Exercise aim: Pictures in the material below are to be left out, and only the lines from the line with "La tira muestra a Hong Kong" up to and including the line with "Superconducting magnetic bearing" are to be written out exactly.

Extracted information:

· · · ·

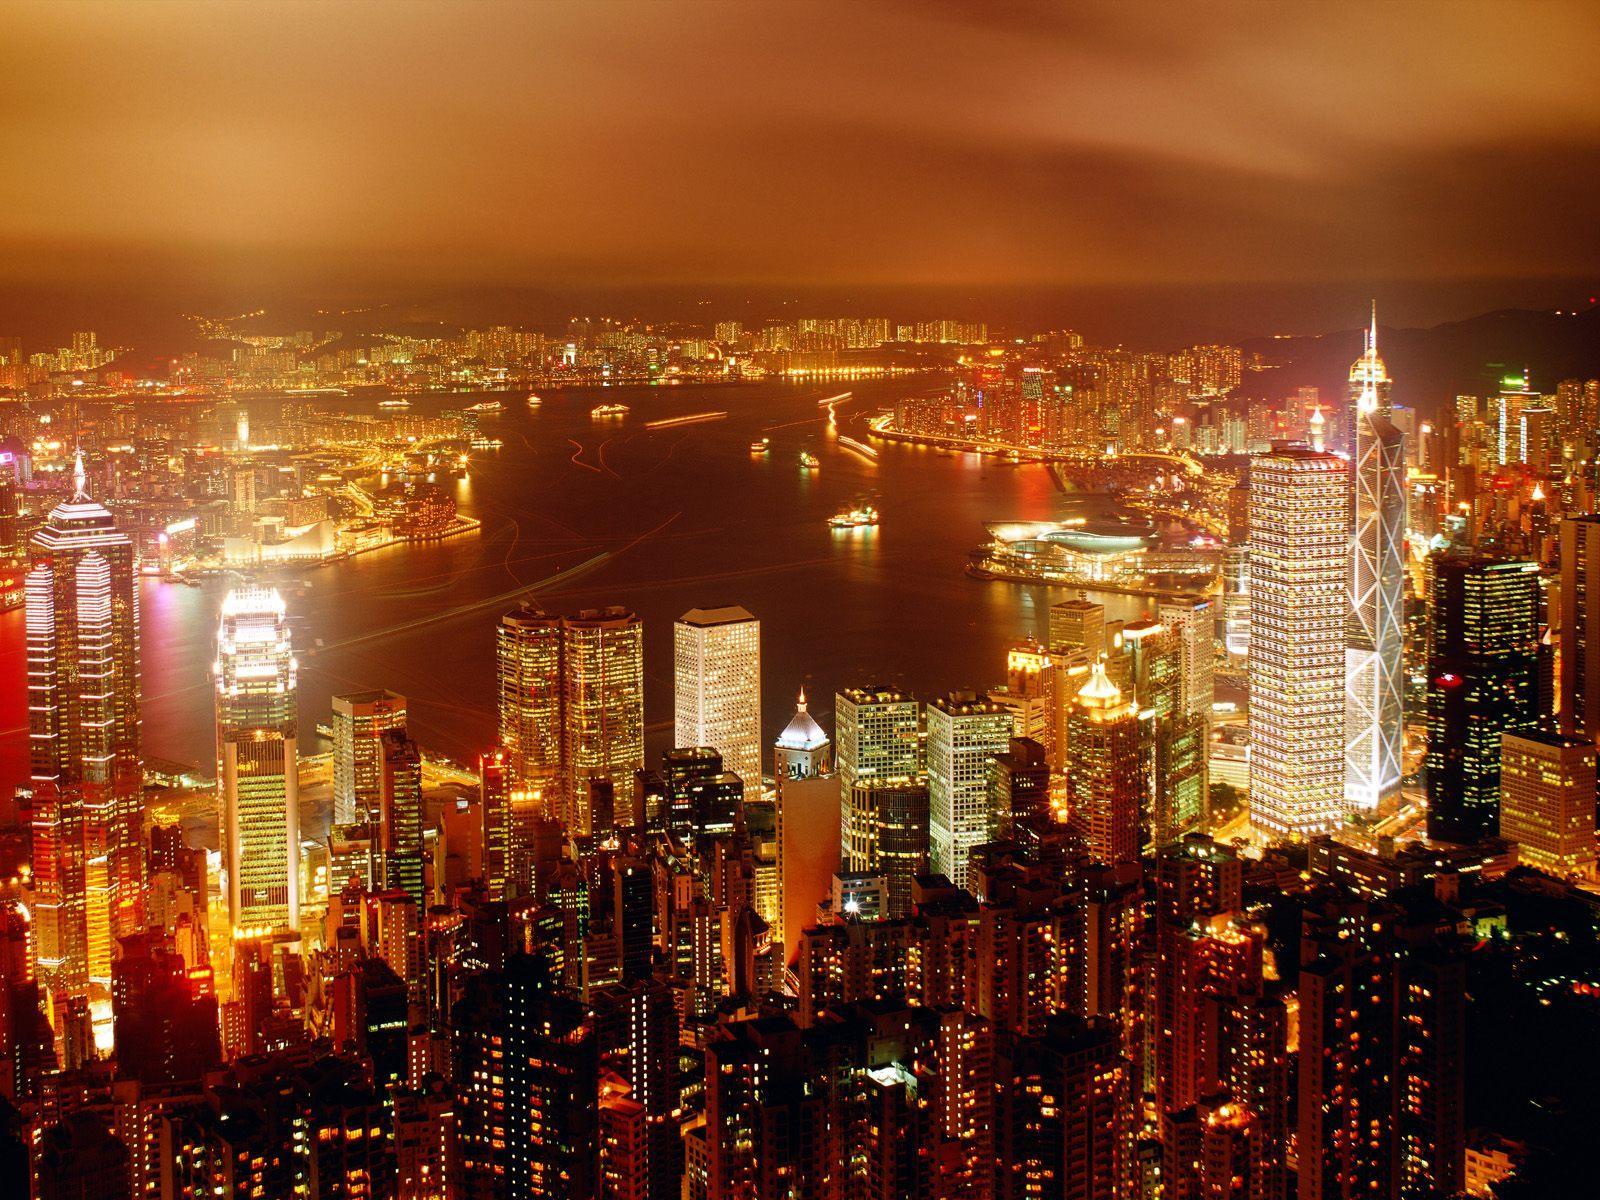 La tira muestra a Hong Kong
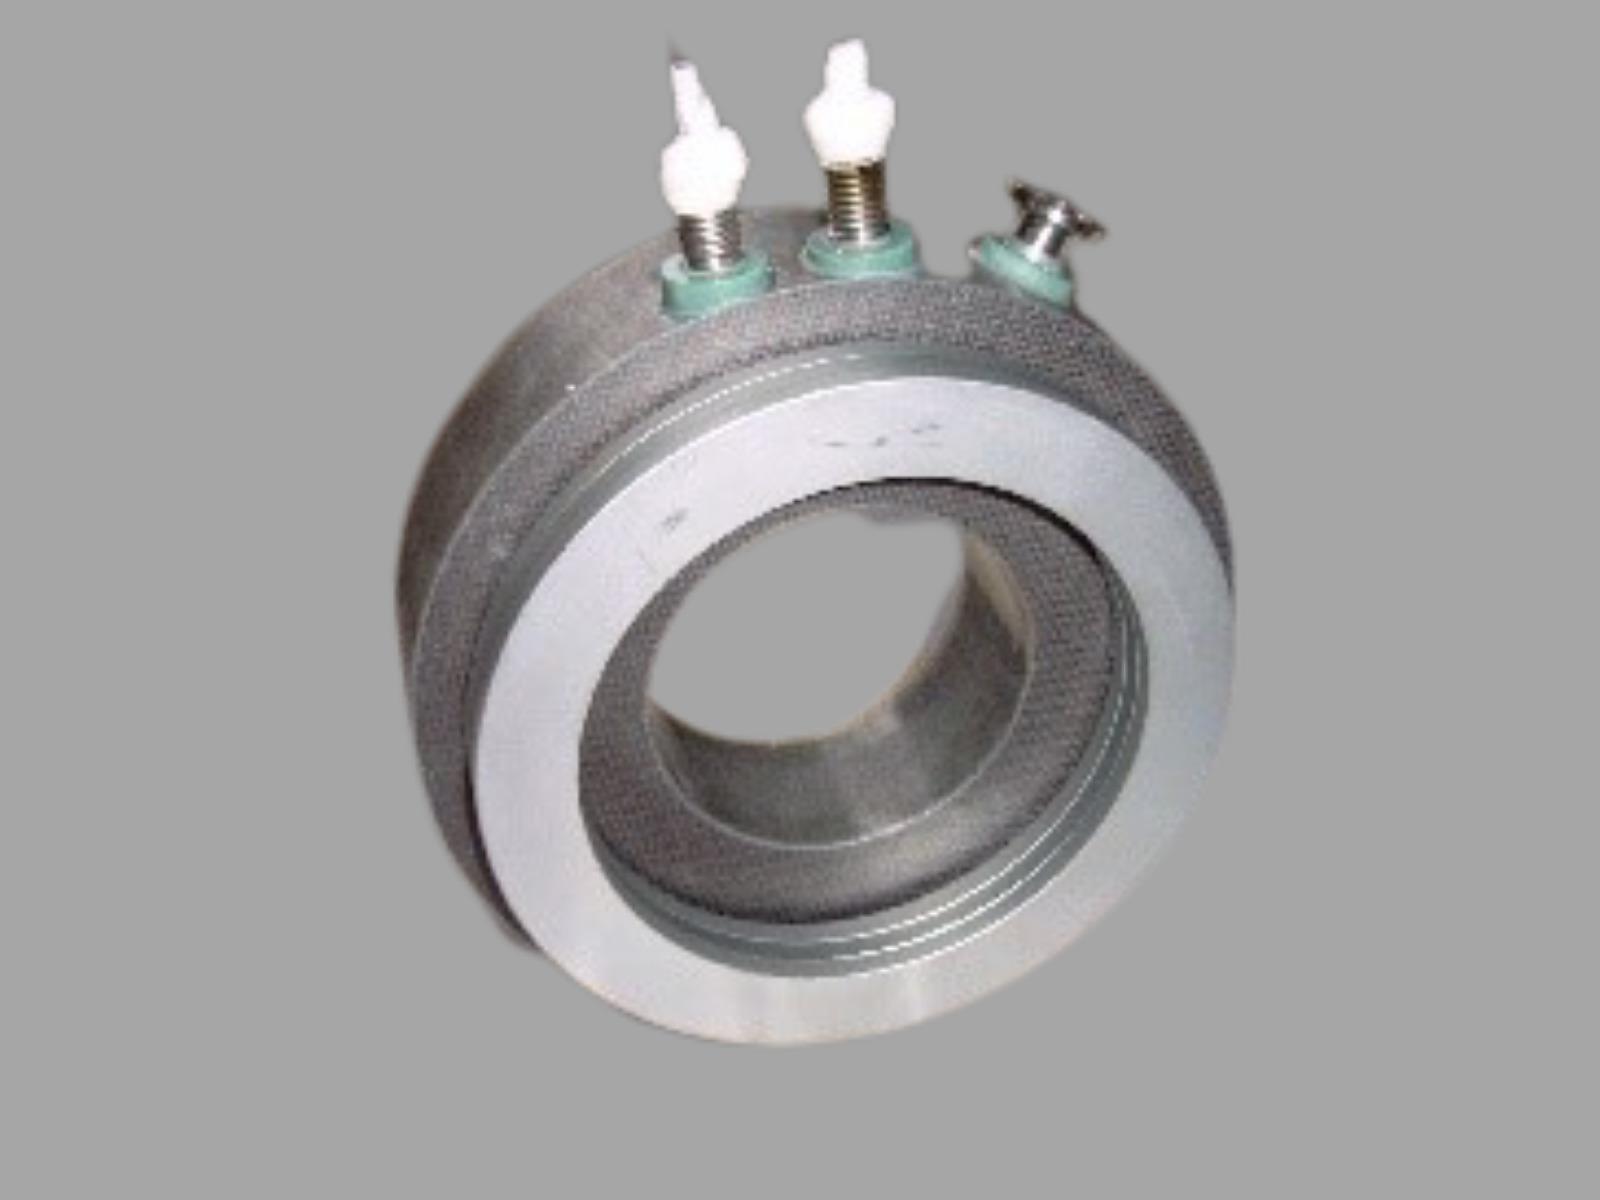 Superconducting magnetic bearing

· · · ·

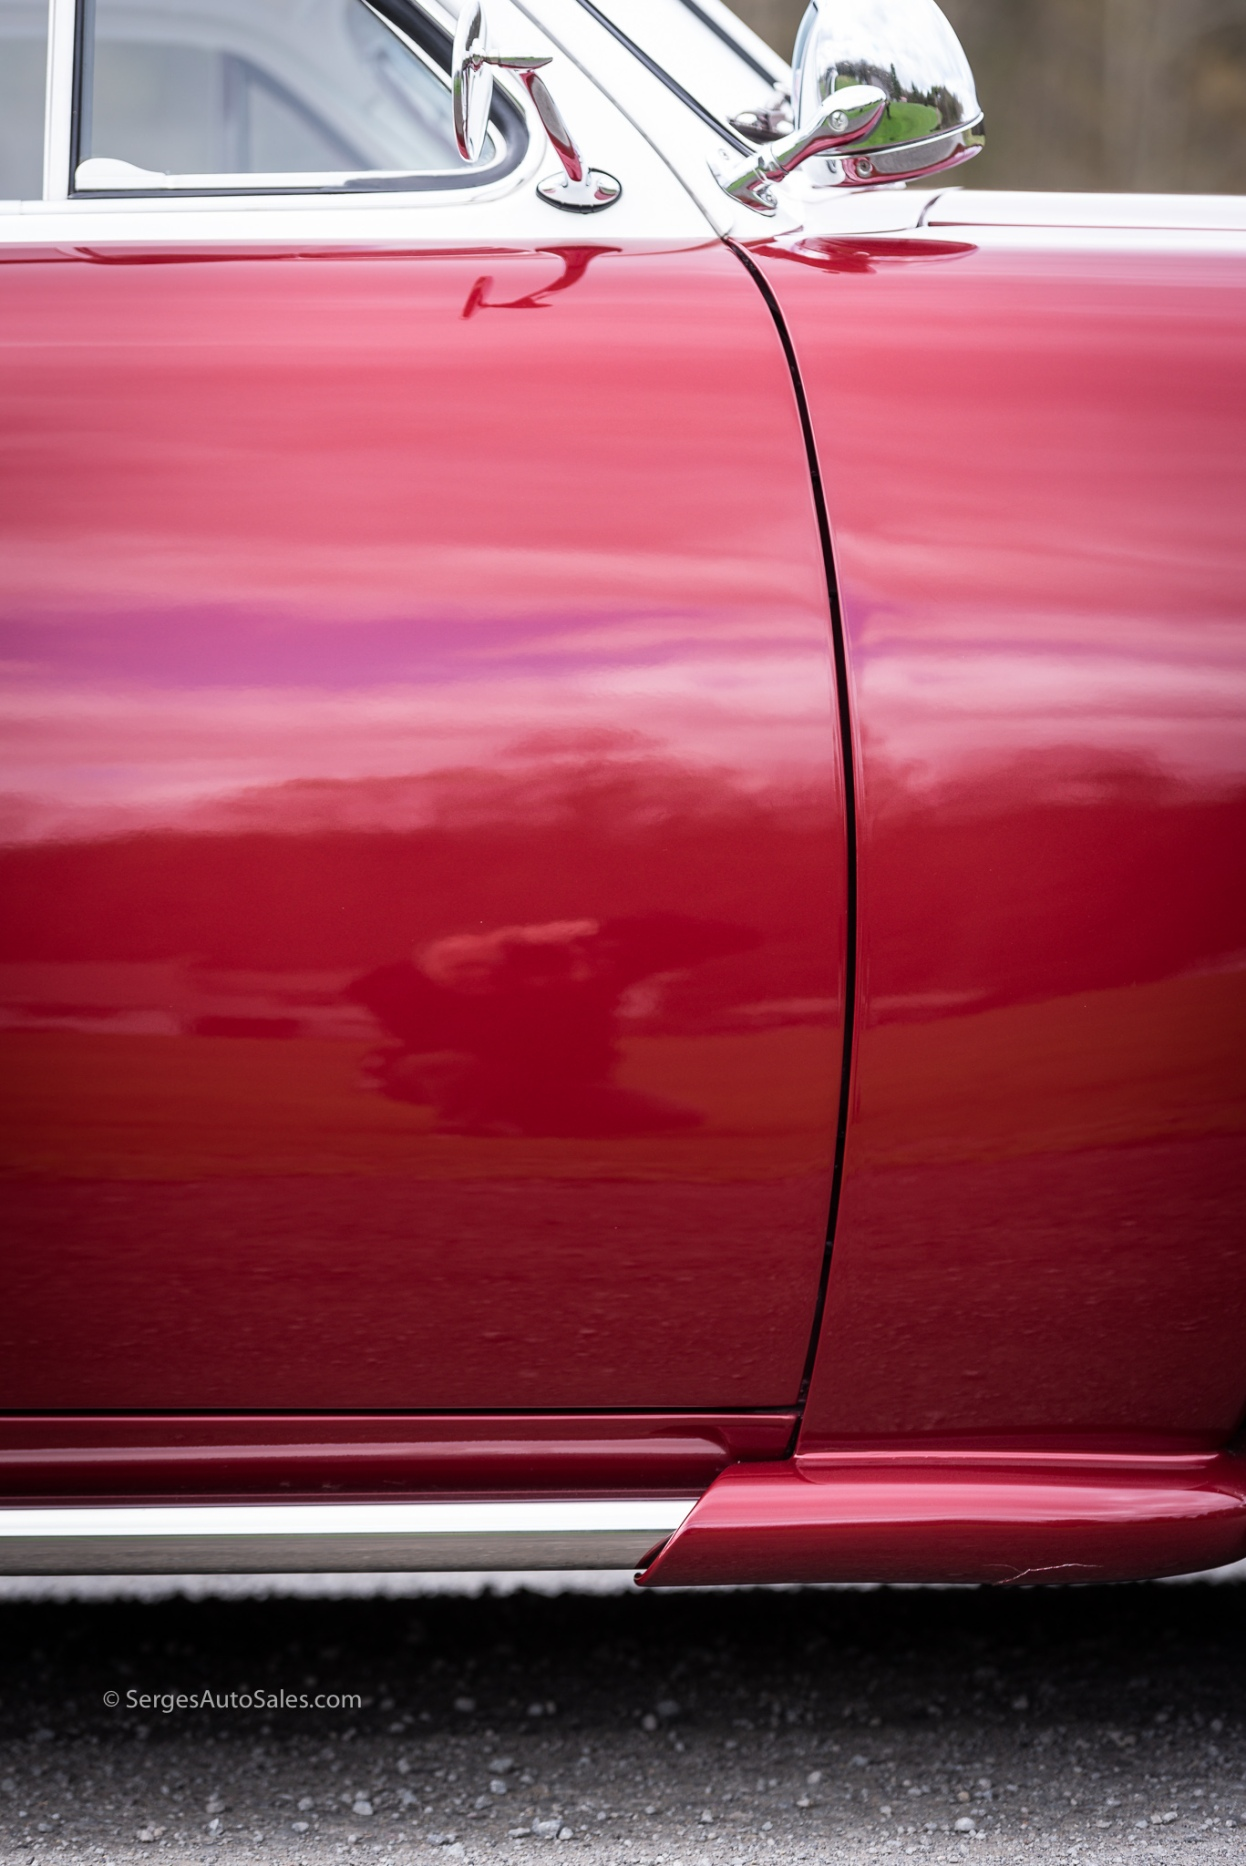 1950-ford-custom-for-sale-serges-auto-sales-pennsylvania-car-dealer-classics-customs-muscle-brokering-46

· · · ·

Exercise response:
 La tira muestra a Hong Kong
 Superconducting magnetic bearing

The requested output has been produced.